A home in Long Beach, California, in the 1950s.
Maynard L. Parker/Courtesy of The Huntington Library in San Marino, California

Backyards are as American as apple pie and baseball. If you live in a suburban or rural area, chances are good that you have a lawn, and maybe a pool, some patio furniture, and a grill to boot.

This wasn’t always the case, though. As Smithsonian Insider reports, it wasn’t until the 1950s that Americans began to consider the backyard an extension of the home, as well as a space for recreation and relaxation. After World War II, Americans started leaving the big cities and moving to suburban homes that came equipped with private backyards. Then, after the 40-hour work week was implemented and wages started to increase, families started spending more money on patios, pools, and well-kept lawns, which became a “symbol of prosperity” in the 1950s, according to a new Smithsonian Institution exhibit.

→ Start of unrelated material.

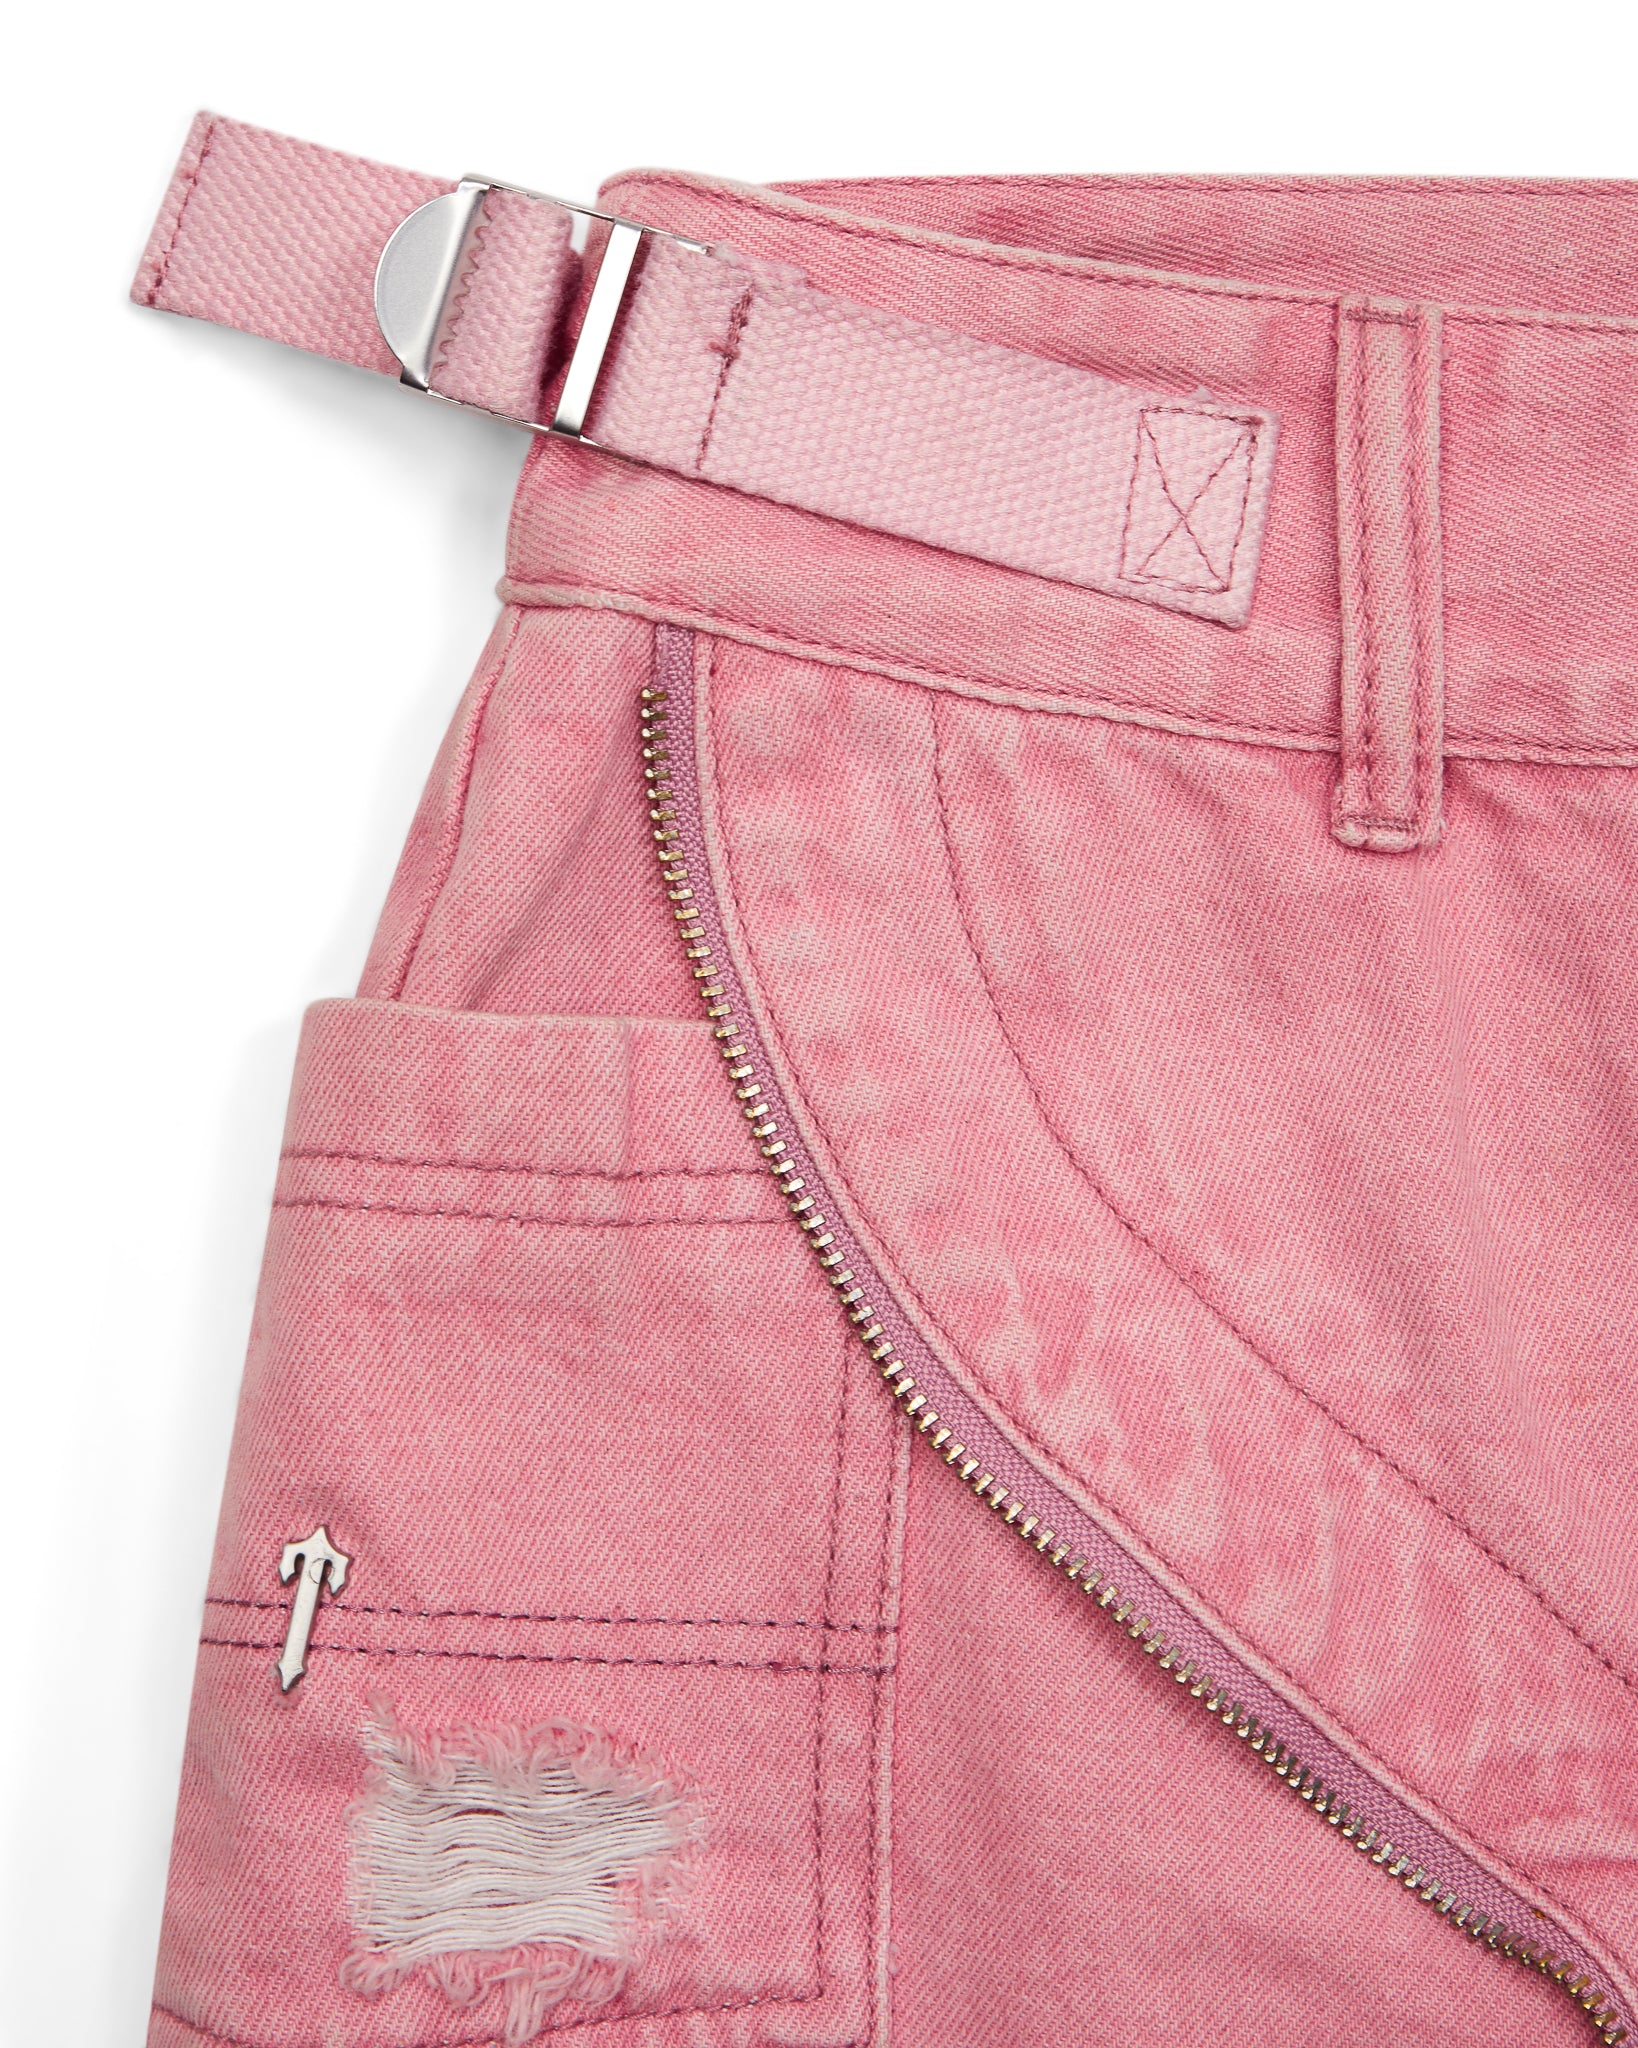 Irongate T Denim Zip Detail Mini Skirt - Pink

A man mows his lawn in the 1950s
In this photo from the Smithsonian Institution's exhibit, a man mows his lawn in Long Beach, California, in the 1950s.
Maynard L. Parker/Courtesy of The Huntington
Library in San Marino, California

Entitled "Patios, Pools, & the Invention of the American Back Yard," the exhibition includes photographs, advertisements, and articles about backyards from the 1950s and 1960s. The traveling display is currently on view at the Temple Railroad & Heritage Museum in Temple, Texas, and from there it will head to Hartford, Connecticut, in December.

Prior to the 1950s, outdoor yards were primarily workspaces, MLive.com reports. Some families may have had a vegetable garden, but most yards were used to store tools, livestock, and other basic necessities.

The rise of the backyard was largely fueled by materials that were already on hand, but hadn’t been accessible to the average American during World War II. As Smithsonian Insider notes, companies that had manufactured aluminum and concrete for wartime efforts later switched to swimming pools, patio furniture, and even grilling utensils.

A family eats at a picnic table in the 1960s
A family in Mendham, New Jersey, in the 1960s
Molly Adams/Courtesy of the Smithsonian Institution, Archives of American Gardens, Maida Babson Adams American Garden Collection

At the same time, DIY projects started to come into fashion. According to an exhibit caption of a Popular Mechanics article from the 1950s, “‘Doing-it-yourself’ was advertised as an enjoyable and affordable way for families to individualize their suburban homes.” The magazine wrote at the time that “patios, eating areas, places for play and relaxation are transforming back yards throughout the nation.”

The American backyard continues to grow to this day. As Bloomberg notes, data shows that the average backyard grew three years in a row, from 2015 to 2017. The average home last year had 7048 square feet of outdoor space—plenty of room for a sizable Memorial Day cookout.